Abstract

Discriminative Correlation Filter (DCF) based trackers are quite efficient in tracking objects by exploiting the circulant structure. The kernel trick further improves the performance of such trackers. The unwanted boundary effects, however, are difficult to solve in the kernelized correlation models. In this paper, we propose a novel Constrained Multi-Kernel Correlation tracking Filter (CMKCF), which applies spatial constraints to address this drawback. We build the multi-kernel models for multi-channel features with three different attributes, and then employ a spatial cropping operator on the semi-kernel matrix to address the boundary effects. For the constrained optimization solution, we develop an Alternating Direction Method of Multipliers (ADMM) based algorithm to learn our multi-kernel filters efficiently in the frequency domain. In particular, we suggest an adaptive updating mechanism by exploiting the feedback from high-confidence tracking results to avoid corruption in the model. Extensive experimental results demonstrate that the proposed method performs favorably on OTB-2013, OTB-2015, VOT-2016 and VOT-2018 dataset against several state-of-the-art methods.

Highlights

  • V ISUAL tracking has a plethora of practical applications in computer vision, including robotics [1], surveillance [2], video processing and biological image analysis [3]

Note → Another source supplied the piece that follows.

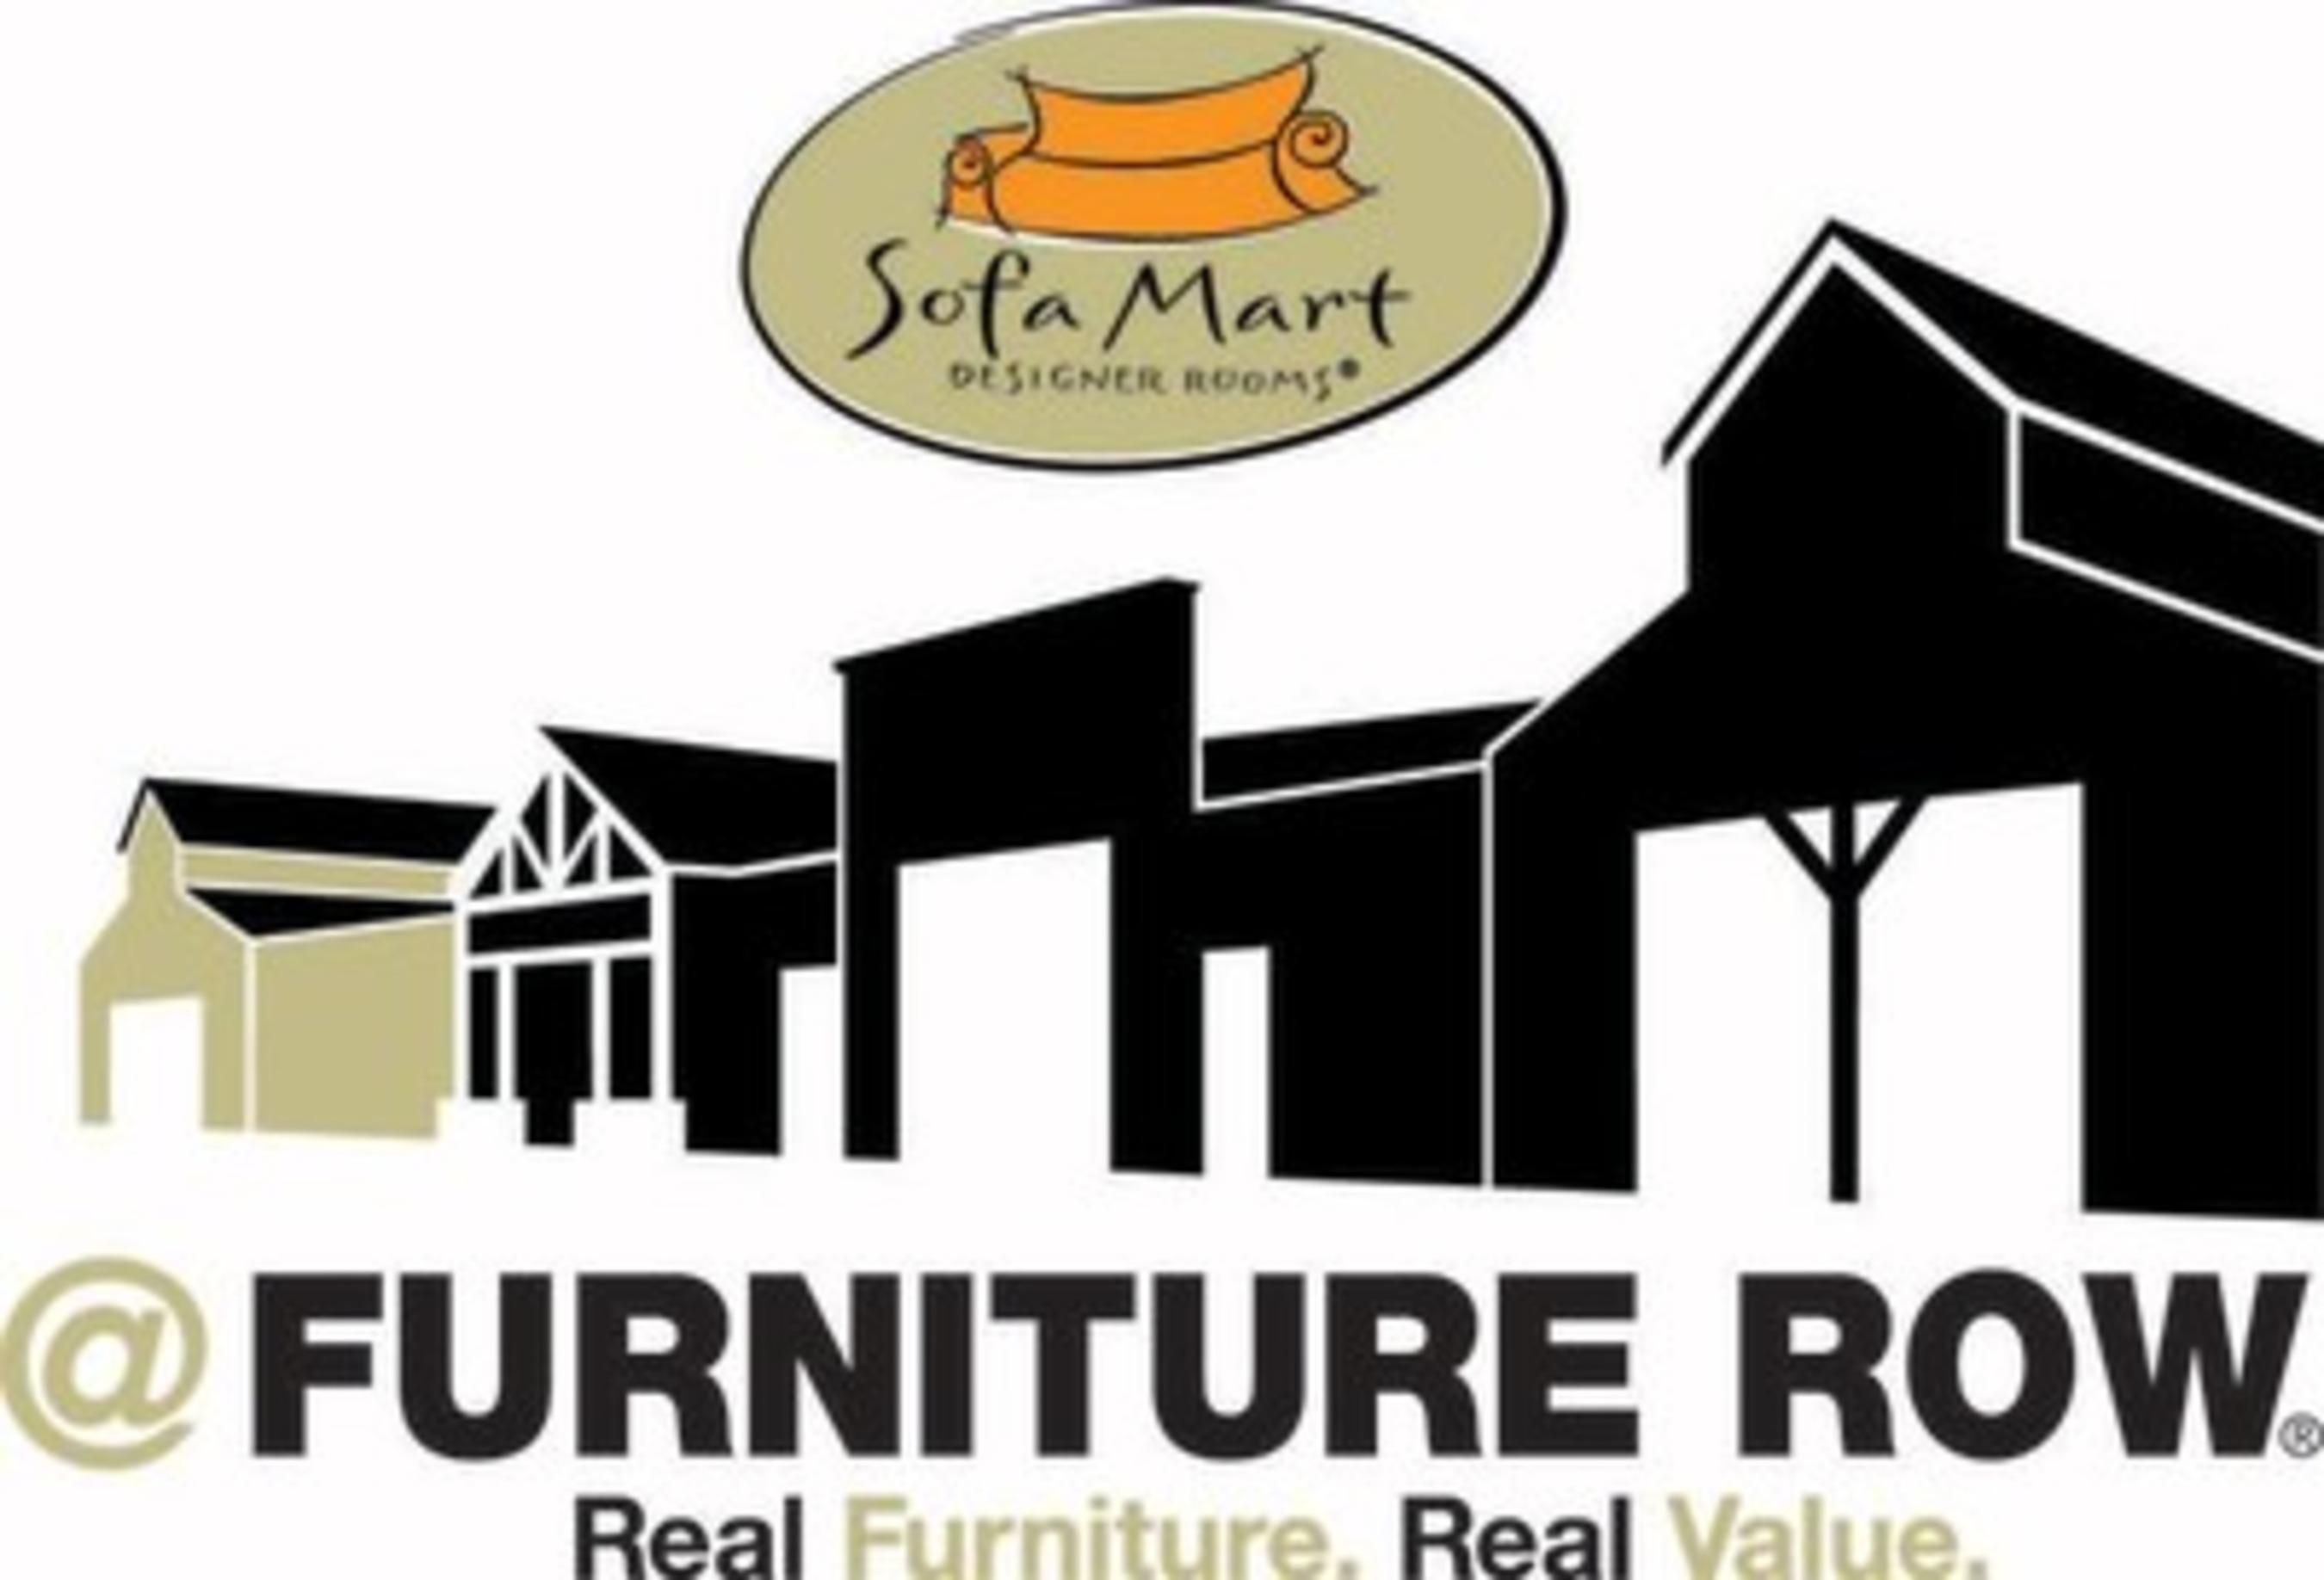 furniture row sofa mart financing minotti reveals new interior in huntsville al

  • Success metric measures the percentage of frames where the Intersection over Union (IoU) ratios of predicted and groundtruth bounding boxes are larger than a given threshold and the overall success performance is indicated by the Area Under the Curve (AUC) of success plots for all the thresholds

  • Considering clarity and representation, we mainly focus on the performance of the most common challenge factors, namely Occlusion (OCC), In-Plane or Out-of-Plane Rotation (IPR or OPR), Fast Motion (FM), Scale Variation (SV) and Background Clutter (BC)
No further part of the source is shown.